En effet, les républicains sont évoqués en termes particulièrement dépréciatifs : « lâches sans noms », « brailler », « bavardage humain », « yeux louches », et les métaphores « vider leur sac à paroles », « je leur ferai tailler leurs plumes, si je ne leur fais pas nettoyer leurs piques ». Lorenzo s’insurge contre leur lâcheté et leur inaction. Le contraste entre Lorenzo et les républicains est à comprendre à travers l’opposition entre théorie et pratique. Là où Lorenzo a le courage de ses actes, les républicains restent figés dans une posture théorique et un verbiage inefficace. Bien plus que le meurtre accompli par Lorenzo, c’est leur « bavardage » qui se révèle inutile face à la tyrannie.
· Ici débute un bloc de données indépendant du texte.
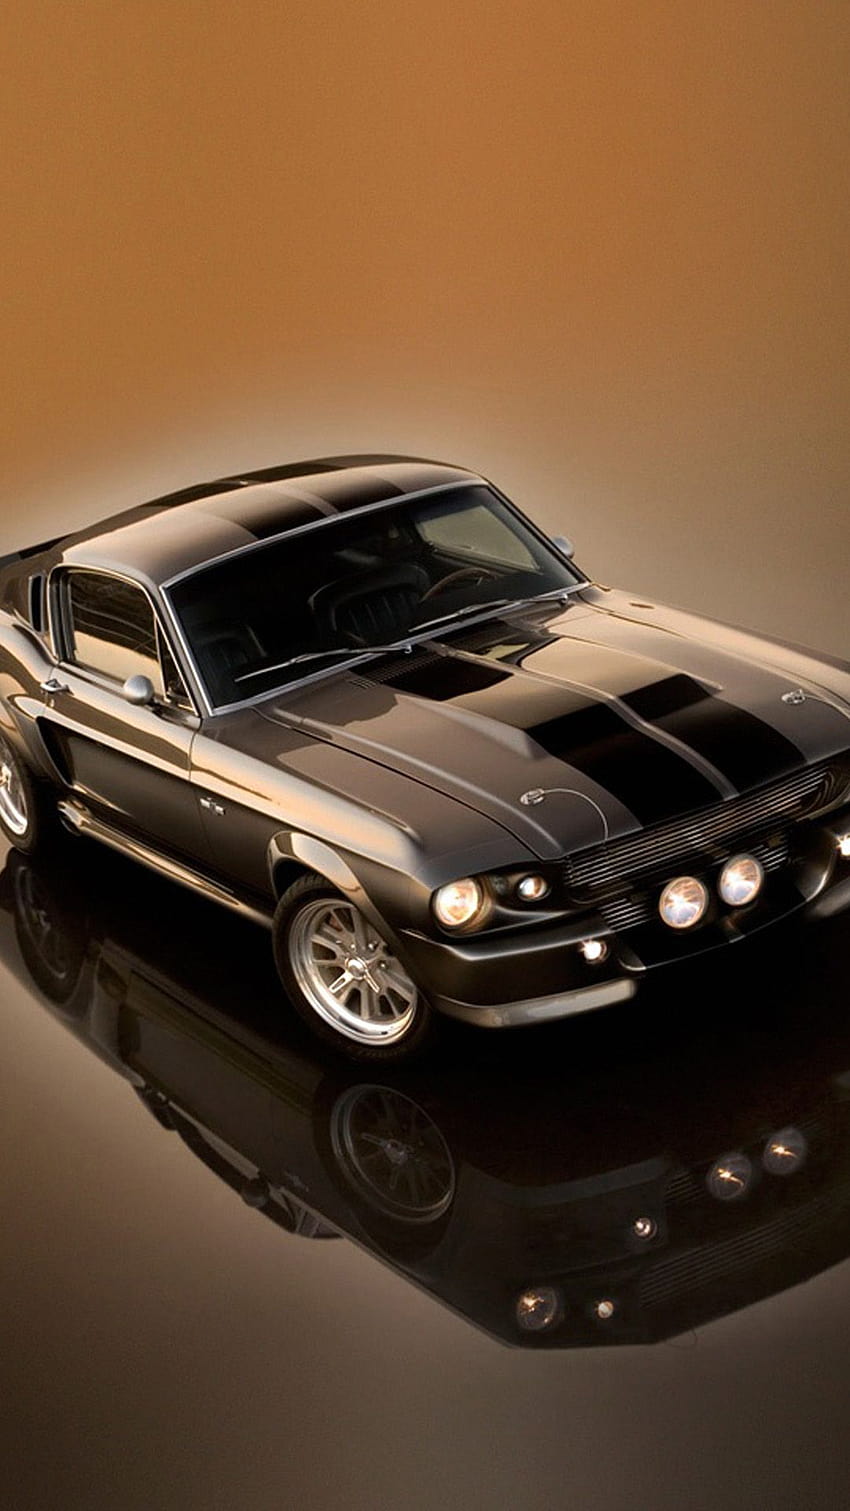 Mustang Shelby Gt500 Eleanor Iphone 6 Iphone, ford mustang 1969 iphone HD phone wallpaper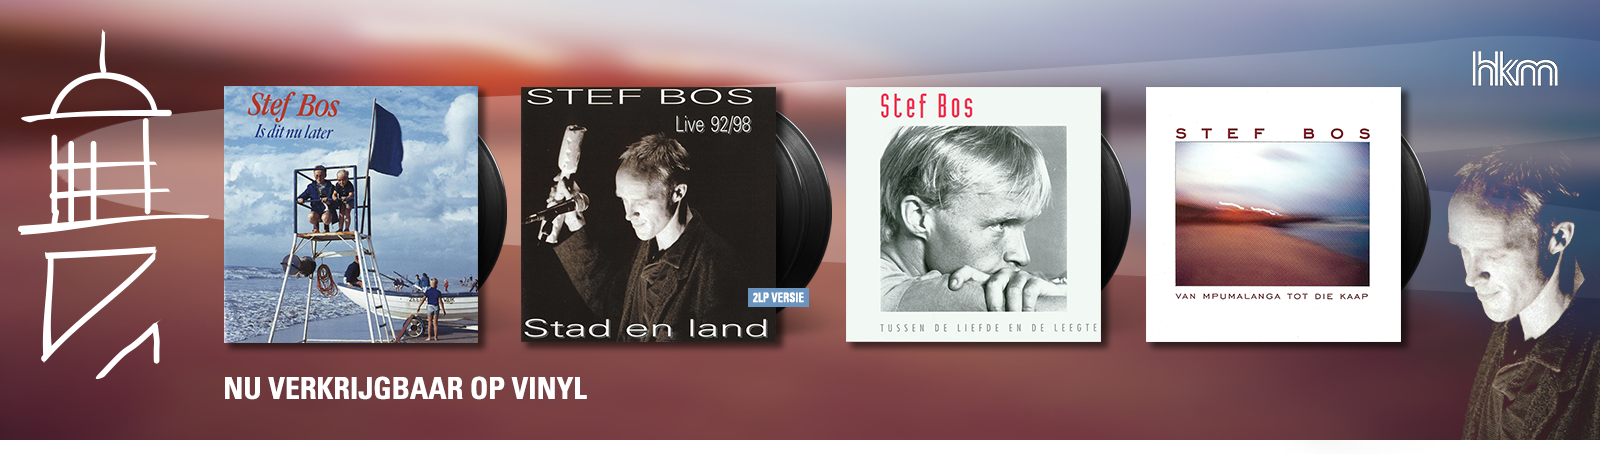 Banner-Stef Bos-catalogus-1600px

Lorenzo, enfin, déploie un arsenal rhétorique révélateur de l’affirmation de sa supériorité sur l’humanité. La métaphore hyperbolique « l’Humanité gardera sur sa joue le soufflet de mon épée », renforcée par la personnification, permet d’insister sur la grandeur de son acte. Lorenzo souhaite se faire un nom : « je leur ferai tailler leurs plumes » suggère que son acte sera sans doute rapporté dans des chroniques écrites. Son ton est assuré et impérieux, en témoignent les tournures impersonnelles : « il faut que… », « il ne me plaît pas qu’… » et l’indicatif futur dans la métaphore : « les hommes comparaîtront devant le tribunal de ma volonté ». Par son orgueil, il opère un renversement et se pose lui-même, à travers son acte, en juge de l’humanité. Cette idée se retrouve dans « Il faut que le monde sache un peu qui je suis, et qui il est » où le parallélisme de construction traduit une équivalence entre « le monde » et lui-même. Lorenzo, à la manière d’un personnage déchu, a tout à prouver.